++++ SOURCE DATA ++++

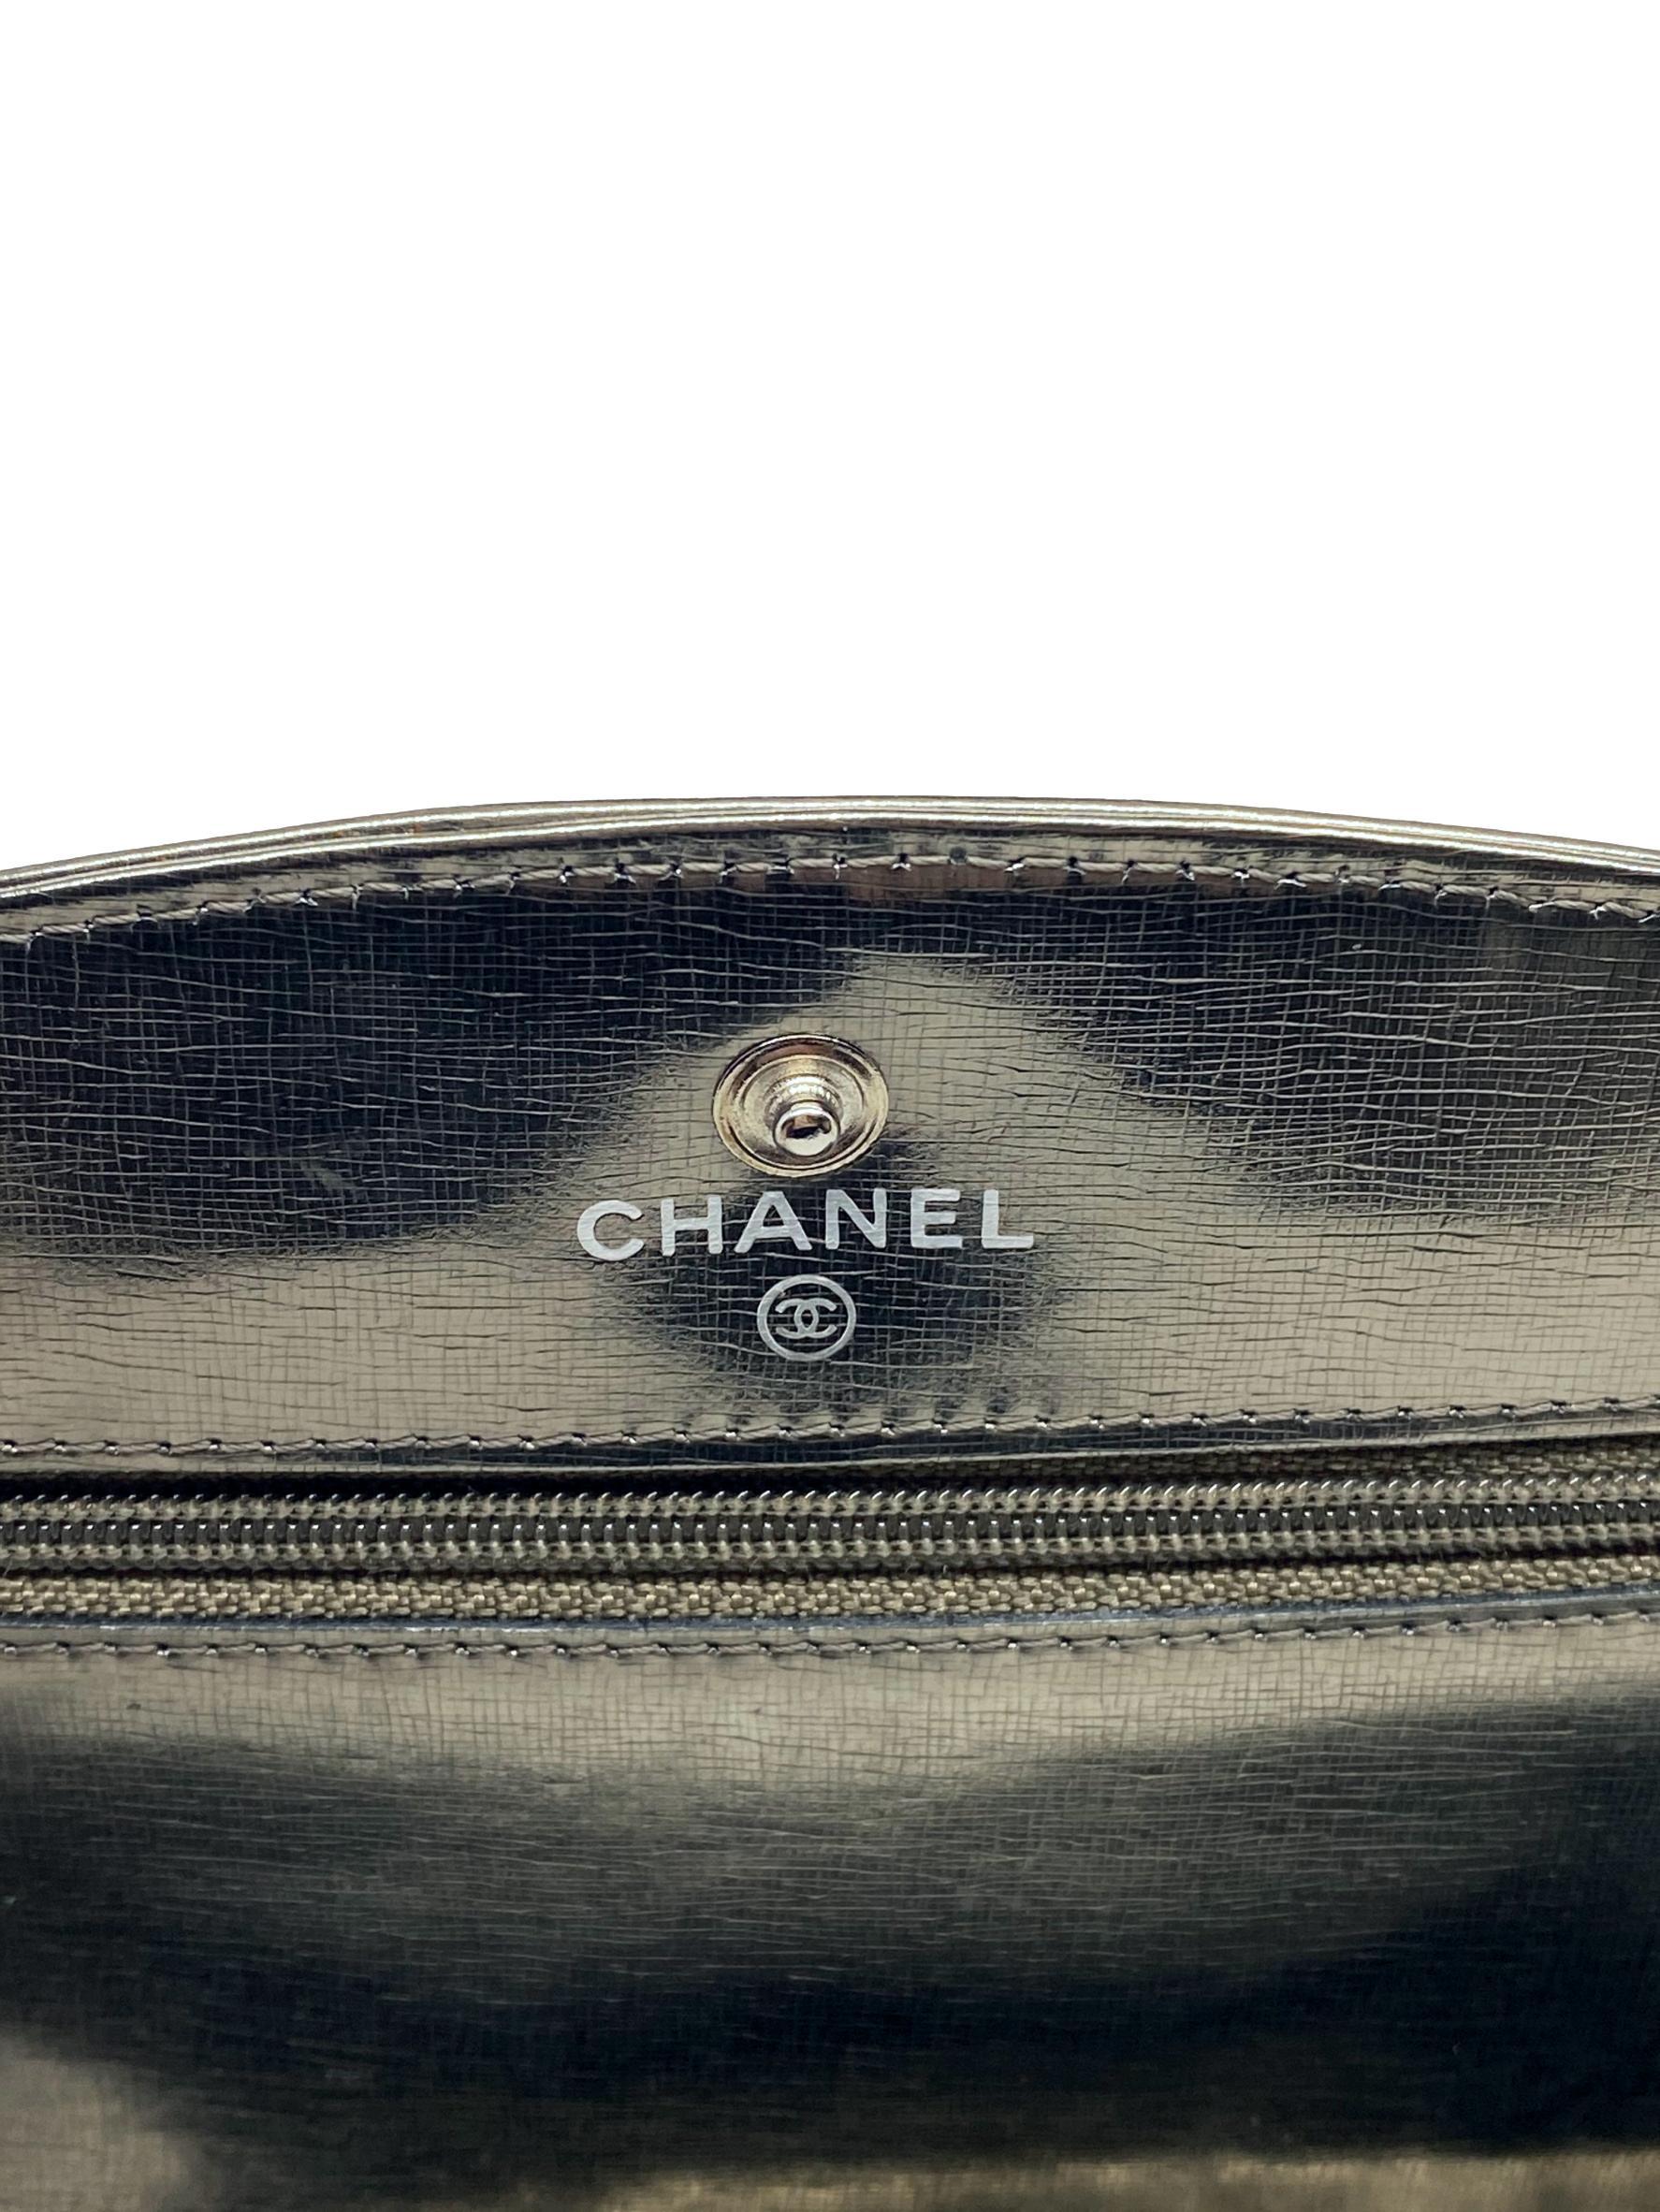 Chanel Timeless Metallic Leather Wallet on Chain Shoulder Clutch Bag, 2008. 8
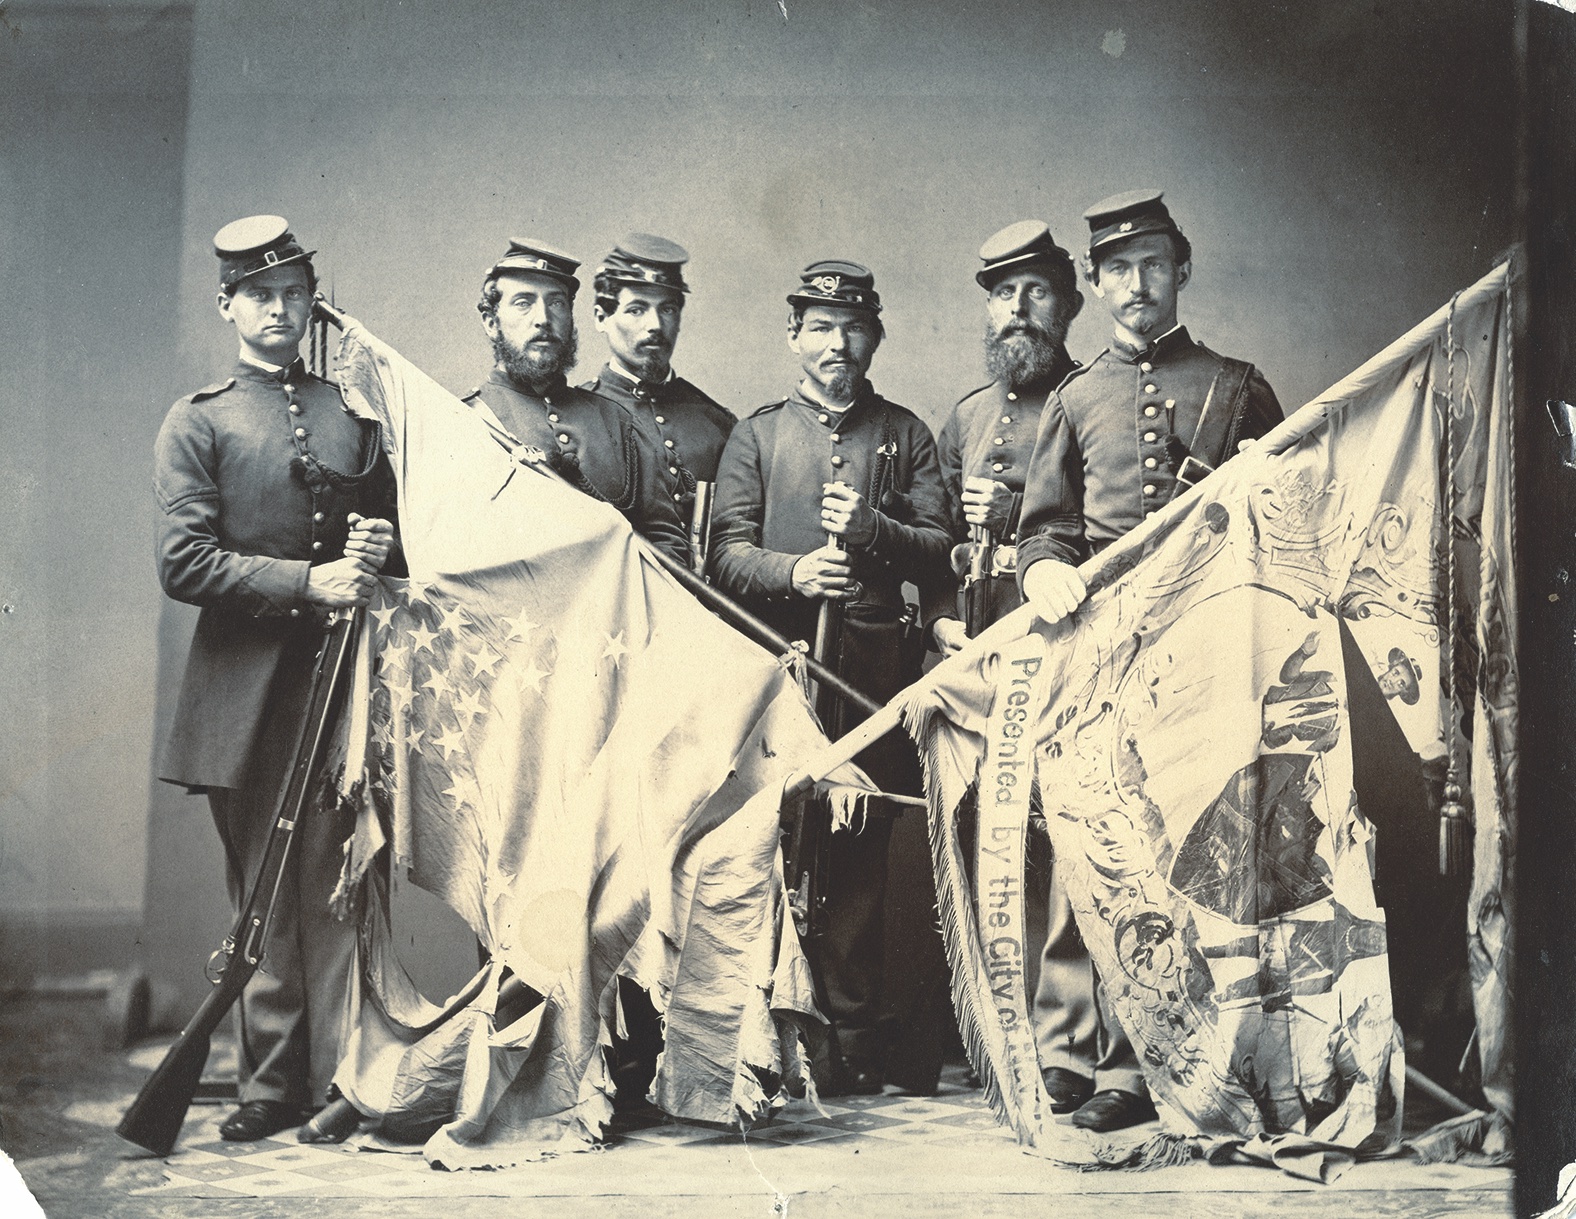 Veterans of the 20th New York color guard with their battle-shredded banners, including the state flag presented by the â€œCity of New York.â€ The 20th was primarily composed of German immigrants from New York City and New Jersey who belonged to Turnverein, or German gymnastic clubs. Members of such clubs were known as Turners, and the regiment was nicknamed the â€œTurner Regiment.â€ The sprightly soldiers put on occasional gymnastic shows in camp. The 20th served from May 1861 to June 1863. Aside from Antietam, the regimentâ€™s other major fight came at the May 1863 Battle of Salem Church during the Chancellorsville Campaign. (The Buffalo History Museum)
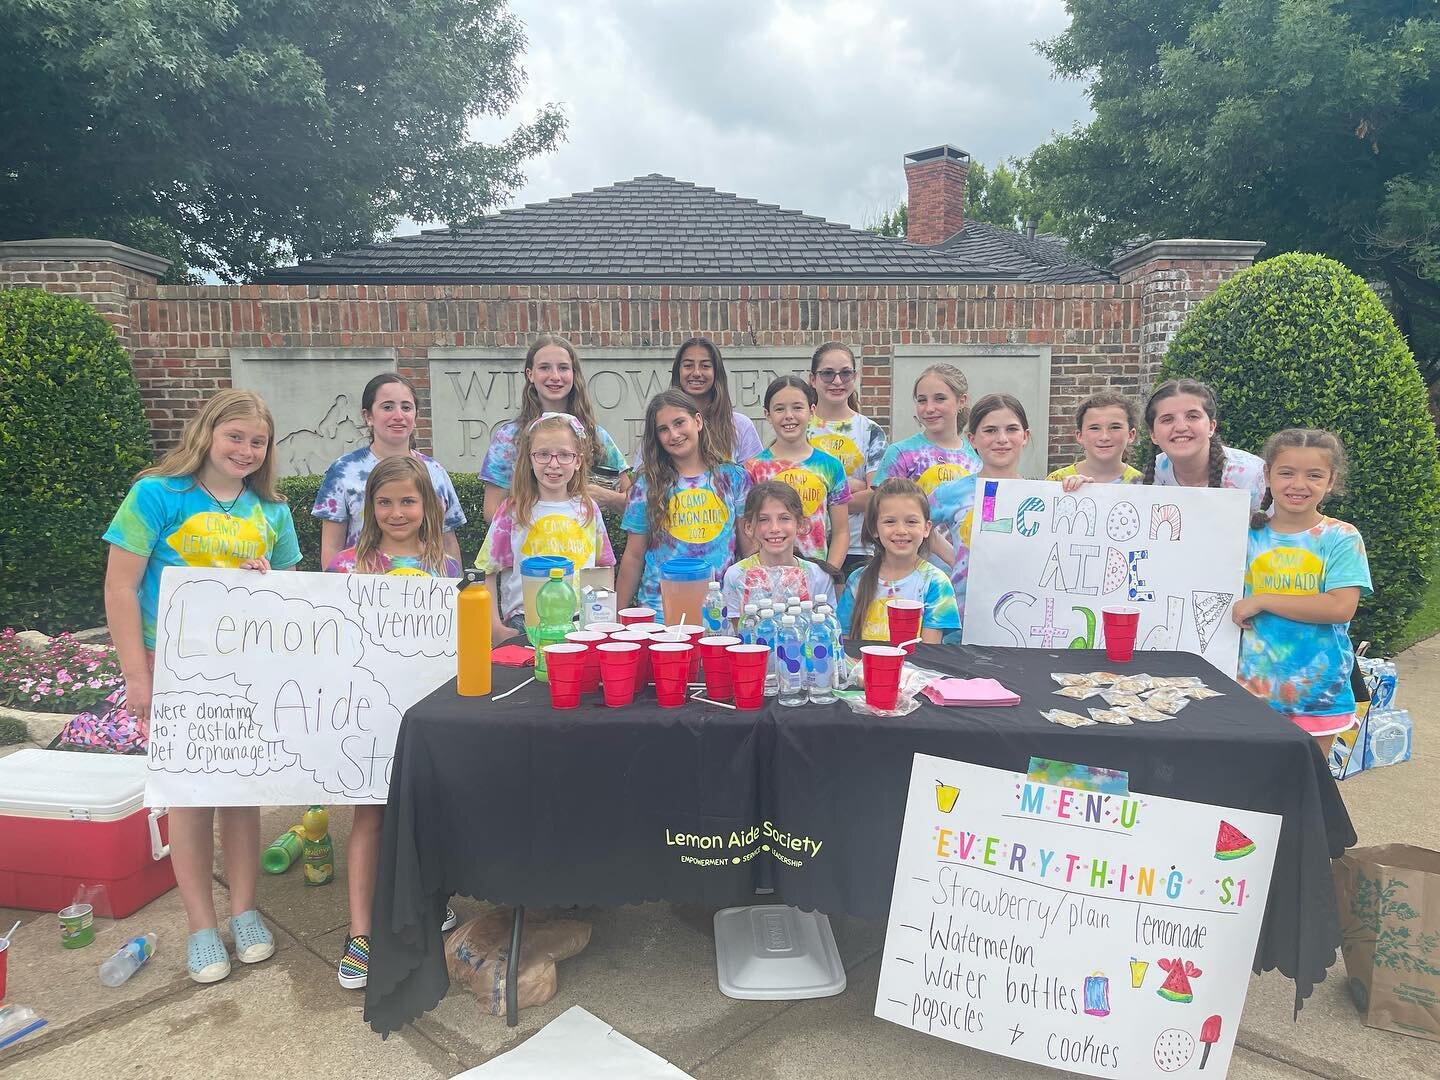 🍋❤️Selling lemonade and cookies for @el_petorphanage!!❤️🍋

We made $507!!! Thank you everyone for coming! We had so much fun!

++++

> [WHAT THE EXERCISE ASKS] The needed output is the lines from the one with "Veterans of the" through the end of the listing, written out exactly, both ends included, pictures excluded.

> [ANSWER TO THE EXERCISE]
 Veterans of the 20th New York color guard with their battle-shredded banners, including the state flag presented by the â€œCity of New York.â€ The 20th was primarily composed of German immigrants from New York City and New Jersey who belonged to Turnverein, or German gymnastic clubs. Members of such clubs were known as Turners, and the regiment was nicknamed the â€œTurner Regiment.â€ The sprightly soldiers put on occasional gymnastic shows in camp. The 20th served from May 1861 to June 1863. Aside from Antietam, the regimentâ€™s other major fight came at the May 1863 Battle of Salem Church during the Chancellorsville Campaign. (The Buffalo History Museum)
 🍋❤️Selling lemonade and cookies for @el_petorphanage!!❤️🍋

We made $507!!! Thank you everyone for coming! We had so much fun!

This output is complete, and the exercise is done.